Earlier this year, Maryland-based M3D launched a crowdfunding campaign on Kickstarter to raise $50,000 for its new and considered “the first truly consumer 3D printer, the Micro. The project immediately became a huge hit and at the end of its run raised well over $3.4 million dollars. Now, the creators have announced the printer is almost ready for shipment.
As previously reported, The Micro can be used to create anything from custom toys, jewelry, and chocolate to real engineering and artistic prototypes. To start 3D printing you simply plug in the printer, download or create models, and hit print. The Micro comes ready to use out of the box, meaning that there’s no setup or complicated instructions to follow.
The printer is compatible with Mac and PC and Linux through a direct USB-connection. Advanced users can use the expert settings, as well as other software such as open-source slicers. It can also print objects as tall as 4.6 inches or 116 mm.
M3D is a tech startup led by founders Michael Armani, bioengineer Ph.D. and co-founder David Jones, with a degree in computer science. With over a decade of experience in materials science, product manufacturing, software, and robotics, they joined forced with a vision to redefine the world of desktop 3D printing. They wanted to make a 3D printers with great consideration for simplicity and the full user experience.

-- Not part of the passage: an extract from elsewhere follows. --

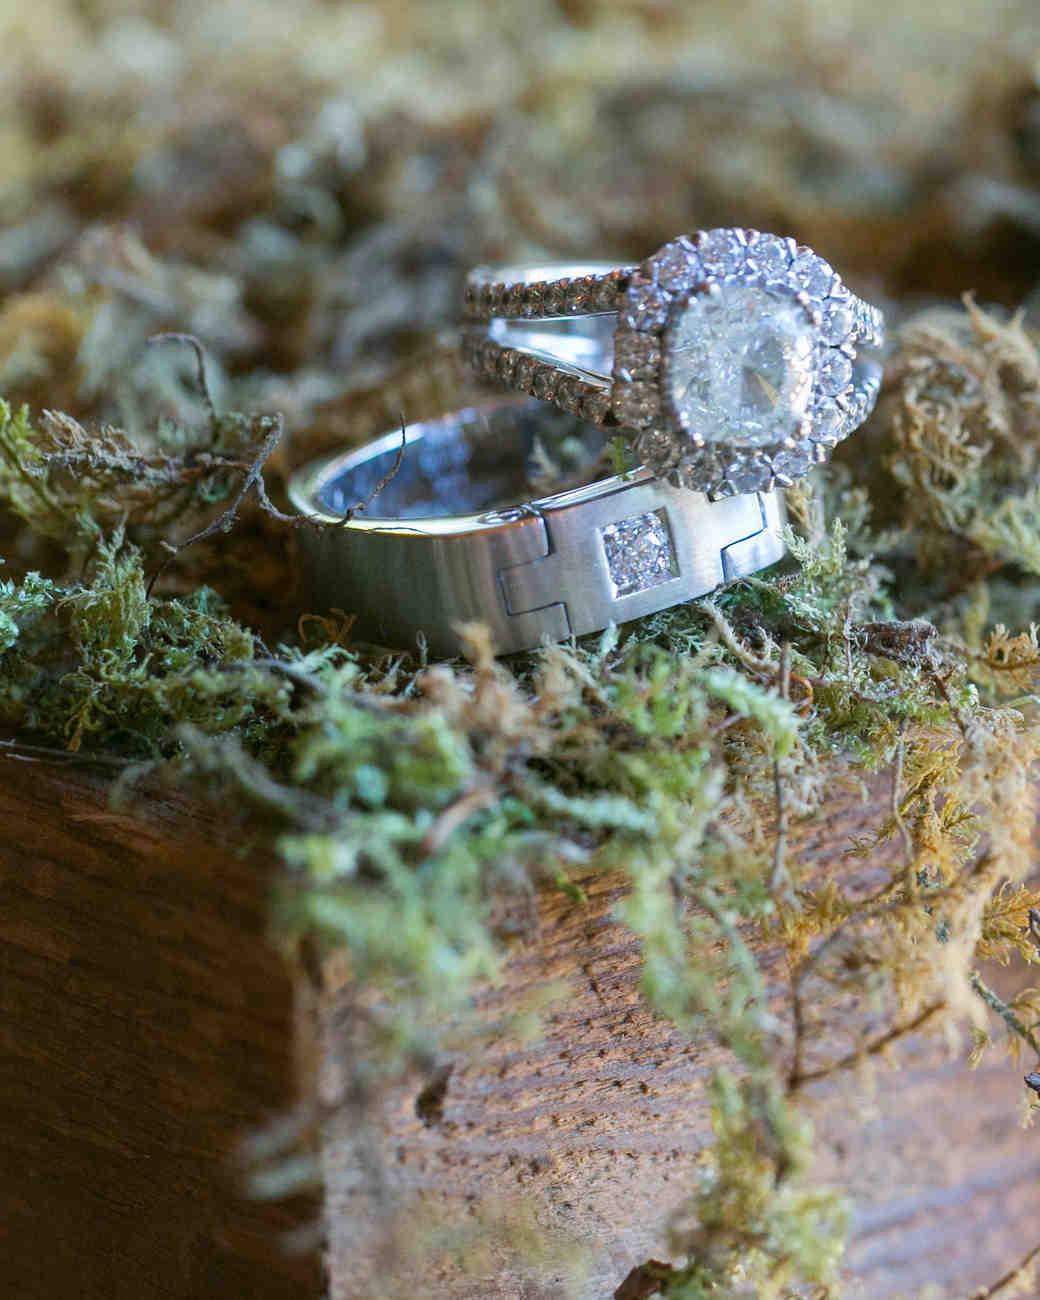 briana-adam-wedding-rings-0156-s112471-1215.jpg

Founder of M3D, Michael Armani, previously stated, “We are absolutely astounded by the positive response we’ve had so far, and that we hit our goal in just minutes. The mainstream consumer is eager to try 3D printing, and now The Micro can become a reality and make that happen. Its simple to use interface means that consumers, designers, and engineers alike can enjoy this technology. A massive thank you to every one who has backed, supported and given us your feedback, we could not have done it without you.”
During his interview with Techical.ly, Jones explained “I like to call [the project] an epic marathon. We’re between the stage of beta and production units so we’re working out all of the kinks in production and software and everything at the same time. Around December, everything should be nice and ready for a clean consumer product.”
Also sharing details about his first experience with 3D printing, Jones noted, “When Mike and I started getting to 3D printers, we actually tried to build one of our own and him being an engineer with a Ph.D., it took both of us about four days to put one together and get it working properly So its’ not something your average consumer can do and do well.”
In regards to why the team decided to plant its roots in Fulton, Maryland, Jones added, “We wanted to be a bigger part of this trend in Howard Country that’s going on with 3D Maryland. The state has been very supportive of our efforts to create jobs and bring jobs back to the U.S. Fulton’s a real nice area, very safe and up and coming.”